The process was developed and patented by Cral Deckard, an undergraduate student at university of texas and his mechanical engineer professor, Joe Beaman in the 1980s.
Below video shows SLS technology in detail
Polyjet/ Inkjet 3D printing (PJP)
Poly jet process is very similar to the ink jet printing done on paper but in this process, instead of jetting drops of ink onto paper, the printer jets layers of liquid polymer onto a tray and then the UV rays instantly cure the model. This results in the creation of a perfect proto-type. The models that are created by these printers do not require any curing time. The models can be used after the printing is done with. While printing the model the printer jets out a gel like liquid that provides strength to the model and upholds any complex geometric design on the model.

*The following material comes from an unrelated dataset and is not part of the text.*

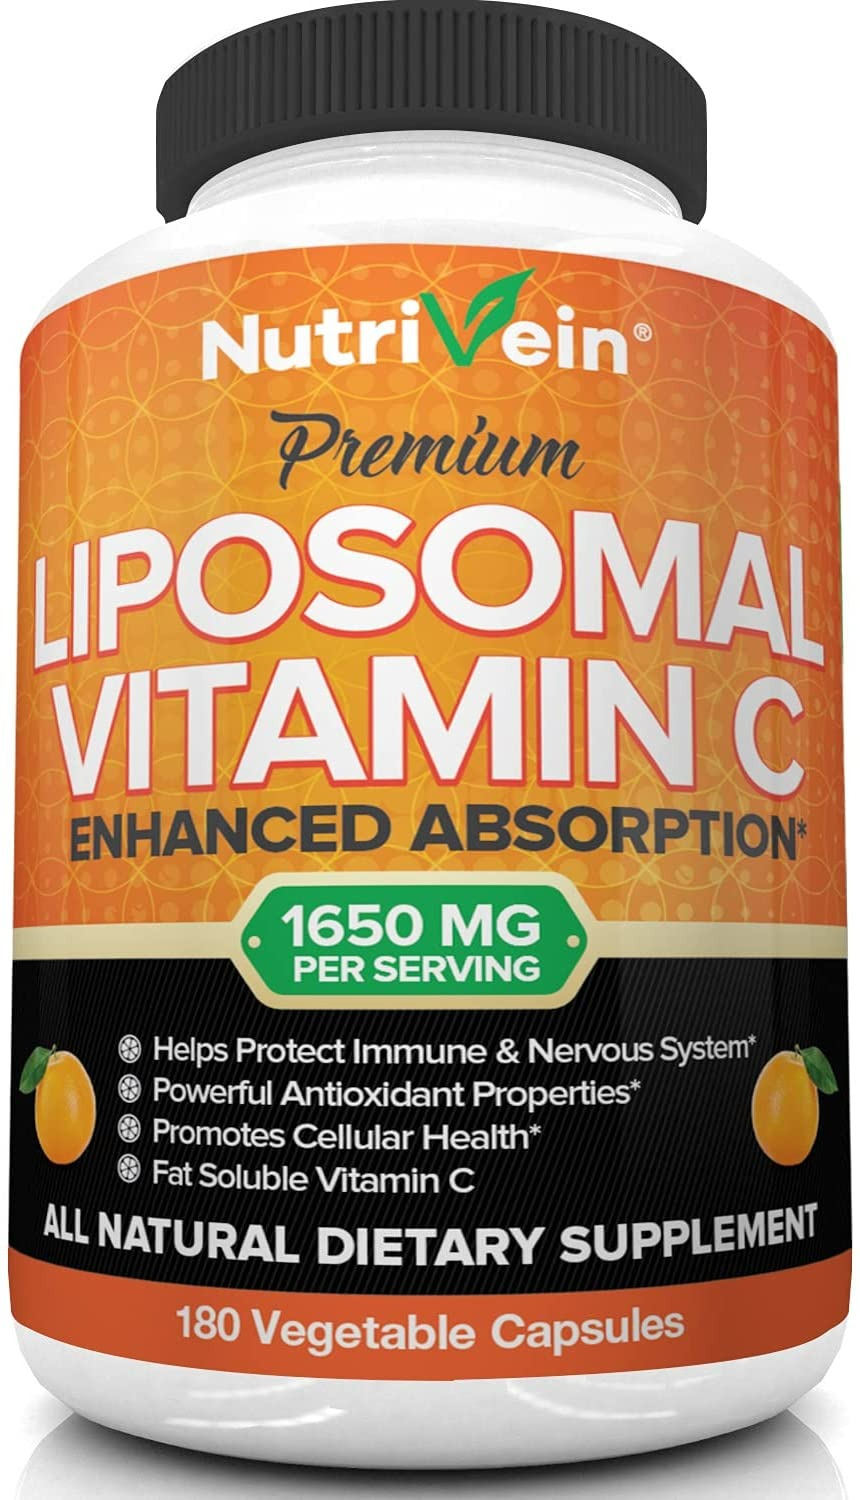 Nutrivein Liposomal Vitamin C - 180 Tablet

The benefits of these printers are fine detail, smooth surfaces along with speed and precision. This machine can work on a vast array of materials right from rigid opaque materials to rubber like materials to clear and translucent materials to Simulated Polypropylene and specialized photopolymers for 3D printing in the dental and medical industries.
Below video shows PolyJet technology in detail
Laminated object manufacturing (LOM)
Laminated object manufacturing (LOM) is a rapid prototyping (additive manufacturing) technology developed by Helisys Inc. In this technology, layers of adhesive-coated paper, plastic or metal laminates are successively glued together and cut to shape with knife or laser cutter. Objects printed with this technology can be additionally modified by machining or drilling after printing. Typical layer resolution for this process is defined by the material feedstock and usually ranges in thickness from one to a few sheets of copy paper. These printers use thousands of standard A4 sheet papers that are cut by the machine and then glued together in order to produce the finished product.
Below video shows Laminated Object Manufacturing technology in detail
Electron beam melting (EBM)
Electron beam melting (EBM) is a type of additive manufacturing for metal parts. The main difference between EBM and SLS is that EBM uses an electron beam as its power source as opposed to laser in SLS technology. EBM technology manufactures parts by melting metal powder layer by layer with an electron beam in a high vacuum. In contrast to sintering techniques, both EBM and SLM achieve full melting of the metal powder. In EBM, the final product has a higher quality and hence making it a true replacement of standard manufacturing techniques.
Below video shows Electron Beam Melting technology in detail
STL is an abbreviation of the word Standard Tessellation Language(STL). 3D printers use this file format for transforming a 3D image to a 3D model. The STL file format explains the geometry of a certain image. So it becomes easier for the printer to transform the image into model. These are basically open file standards and are widely used for Computer Aided Manufacturing (CAM) or rapid proto-typing.